Zitierlink: http://hdl.handle.net/11858/00-001M-0000-0013-B5F8-1
Zusammenfassung
Spontaneous spiral cortical waves have been reported to exist in rodents under specific pharmacological manipulations as well as during induced sleep-like states (Huang et al.,2010). The role of this highly organized mesoscopic phenomenon as well as the underlying mechanism are currently elusive. Neither the emergence of these patterns nor the relationship of the spatio-temporal dynamics of the waves to the underlying cortical functional architecture are understood or even examined in detail. Here, we used voltage sensitive dye imaging to record the dynamics of ongoing sub-threshold potentials in the anesthetized primate.

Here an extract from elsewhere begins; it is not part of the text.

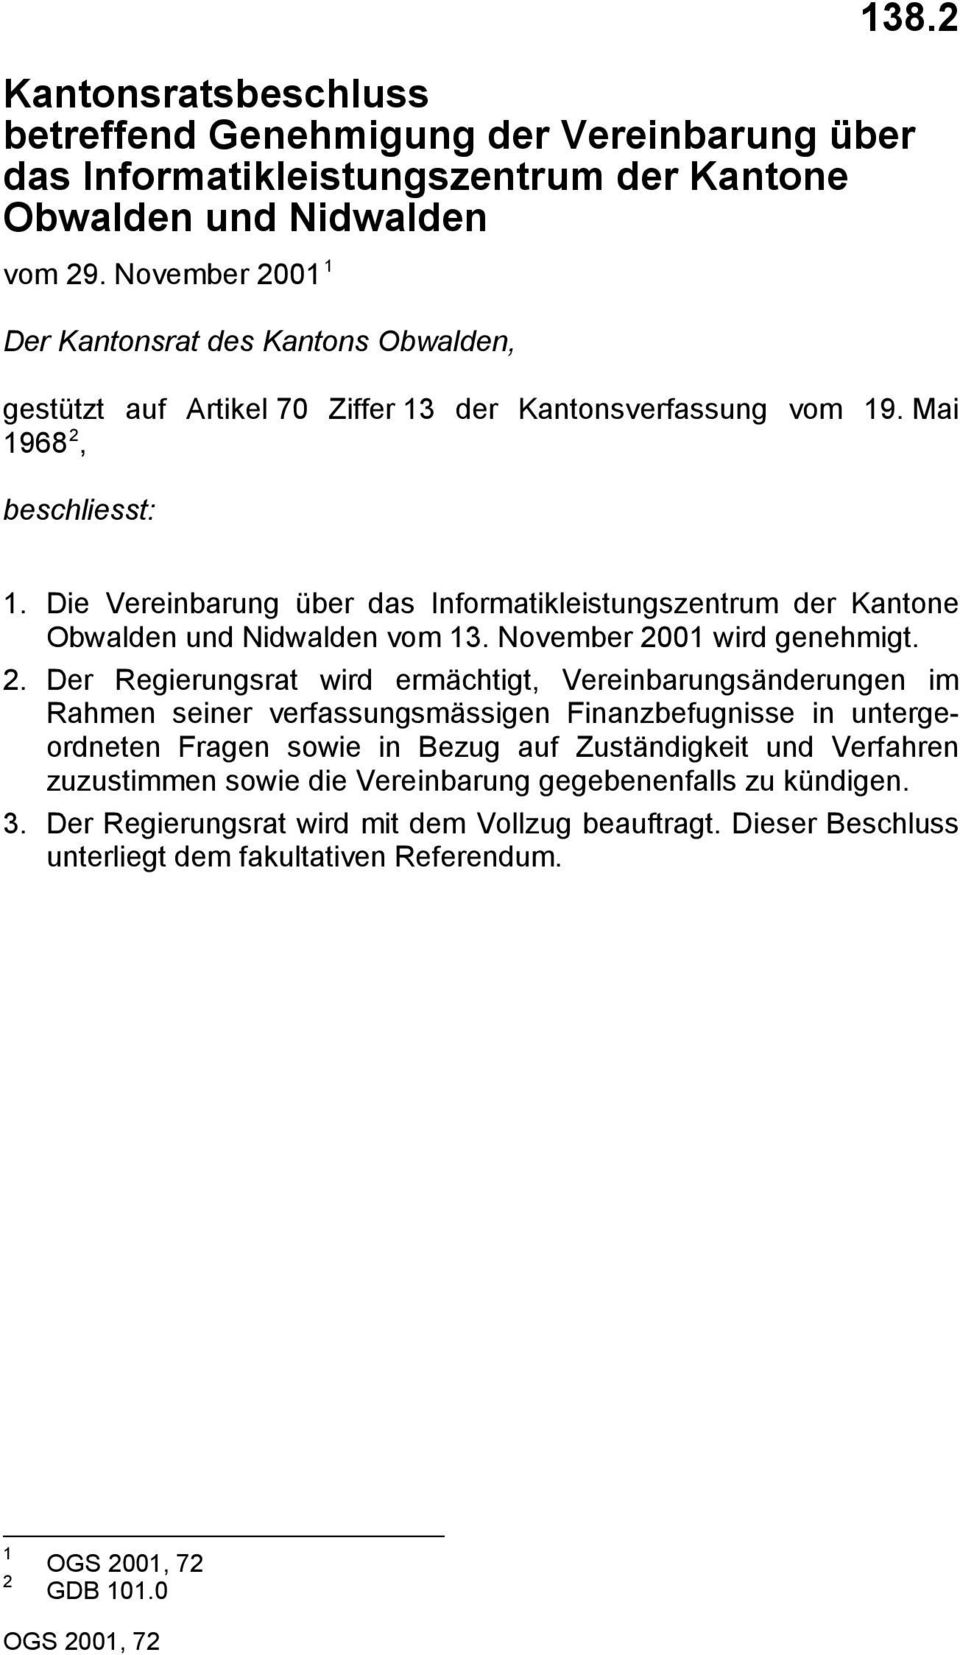 Die Vereinbarung über das Informatikleistungszentrum der Kantone Obwalden und Nidwalden vom. November 00 wird genehmigt.

Spatial phase maps at each point in time revealed, also in these experiments, the existence of spontaneously emerging spiral waves. We found that spiral waves emerged from cortical space-time dependent activity within the Theta frequency band (4-8Hz). In particular, phase singularities emerged in oscillating bursts blow 1Hz, which fits the well-known slow waves, that is, the thalamus-driven up- and down-state alternations. The spatio-temporal dynamics of the spiral waves, as well as the phase singularities were found to be constrained by the underlining functional architecture of the primate primary visual cortex. These results suggest that spiral waves are an important cortical phenomenon, in the sense that, they can shed light on some basic principles underlying cortical microcircuit dynamics at the mesoscopic level.